About orders of elements(Algebraic structures-subgroups)

**Hyungmin** · January 10th 2010, 04:46 PM

Hi i just stuck with finding orders of the following elements.
It's Question 3(a,b,c,d)

By the way, i have an answer but dont know how to solve it so please
teach me about process. The answers are [ (a)8, 6, 12 (b)9, 12, 2, 12 (c) 12, 2, 20 (d) 6, infinite , 4]
Thank you very much.

I just attatched the files.(Adobe Reader) or
http://personalpages.manchester.ac.u...lgStnewEx4.pdf

The address is here

**Jhevon** · January 10th 2010, 05:38 PM

Originally Posted by Hyungmin

Hi i just stuck with finding orders of the following elements.
It's Question 3(a,b,c,d)

By the way, i have an answer but dont know how to solve it so please
teach me about process. The answers are [ (a)8, 6, 12 (b)9, 12, 2, 12 (c) 12, 2, 20 (d) 6, infinite , 4]
Thank you very much.

I just attatched the files.(Adobe Reader) or
http://personalpages.manchester.ac.u...lgStnewEx4.pdf

The address is here

recall that the order of an element $a$ of a group $G$ , is the smallest positive integer $n$ such that $a^n = e$ , where $e$ is the identity element of $G$ .

Hopefully you know how to interpret $a^n$ . it is just applying the operation of $G$ to $a$ $n$ times.

So, for example, for 3(i)(a).
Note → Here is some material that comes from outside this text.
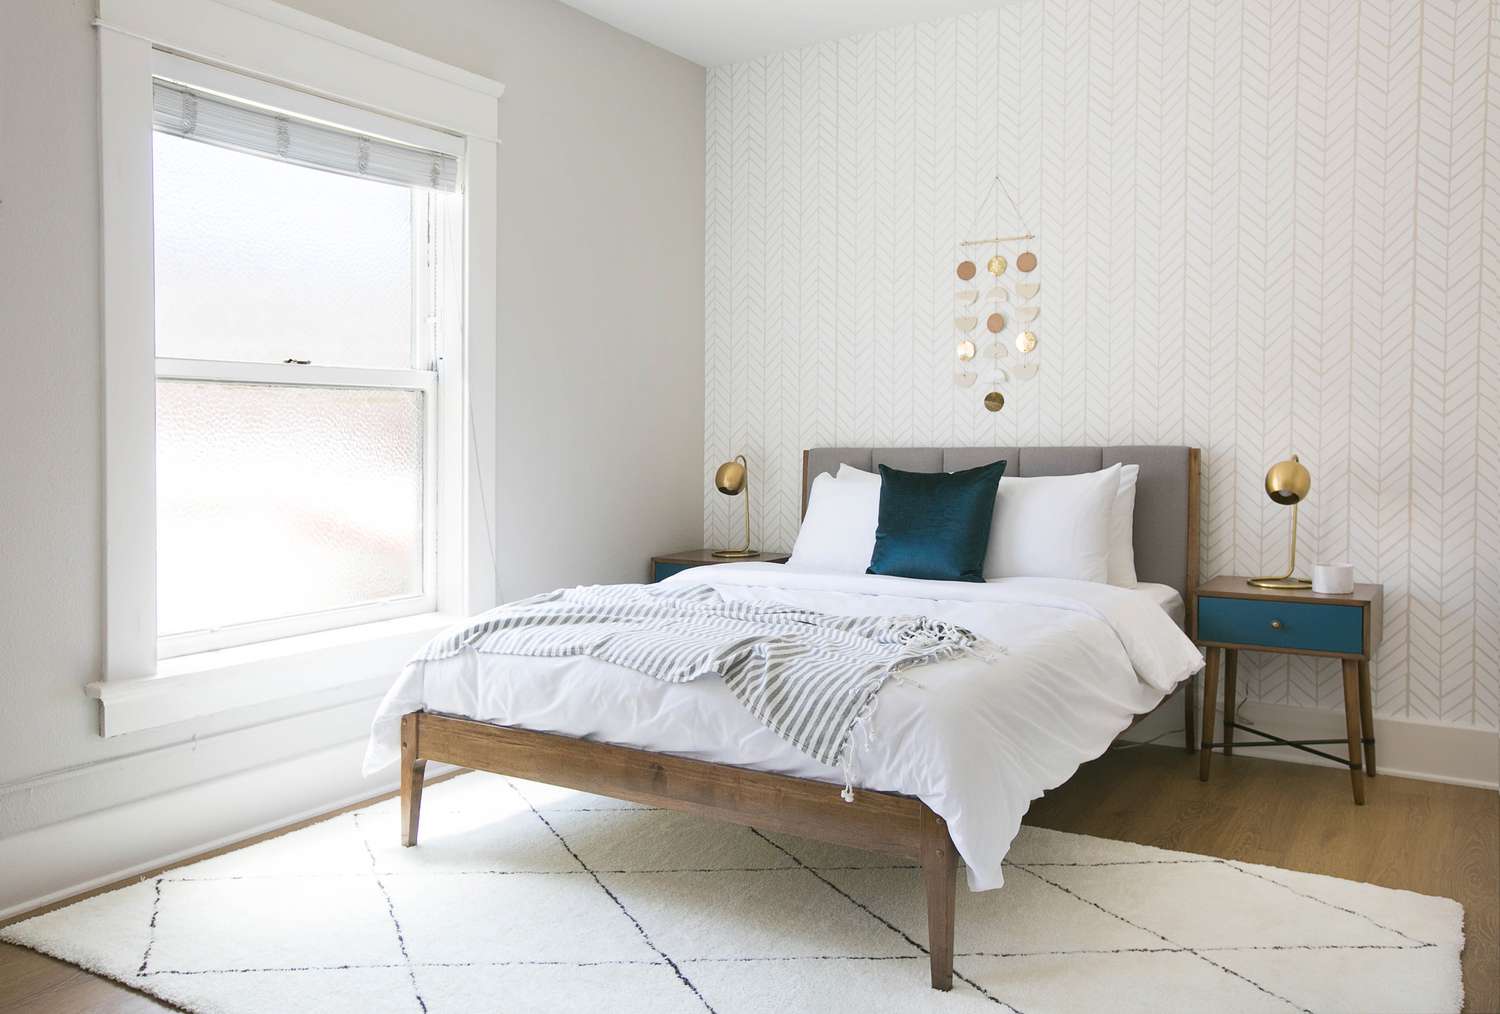 Chambre à coucher grise et blanche avec une touche de couleur aqua. La chambre suit la règle des couleurs 60-30-10

The element is $z = \frac {\sqrt 2}2 - \frac {\sqrt 2}2i$ in $\mathbb C ^*$ , which is the group of non-zero complex numbers with the operation multiplication.

Notice that $z^8 = 1$ , and 8 is the smallest positive integer power for which this happens (keep multiplying $z$ by itself until you get to 1, you'll notice you had to do this 8 times). hence, the order of $z$ is 8. the others are similar. (i'd probably use the cis notation for the complex number problems. or try to employ any other trick you know that allows you to multiply quickly).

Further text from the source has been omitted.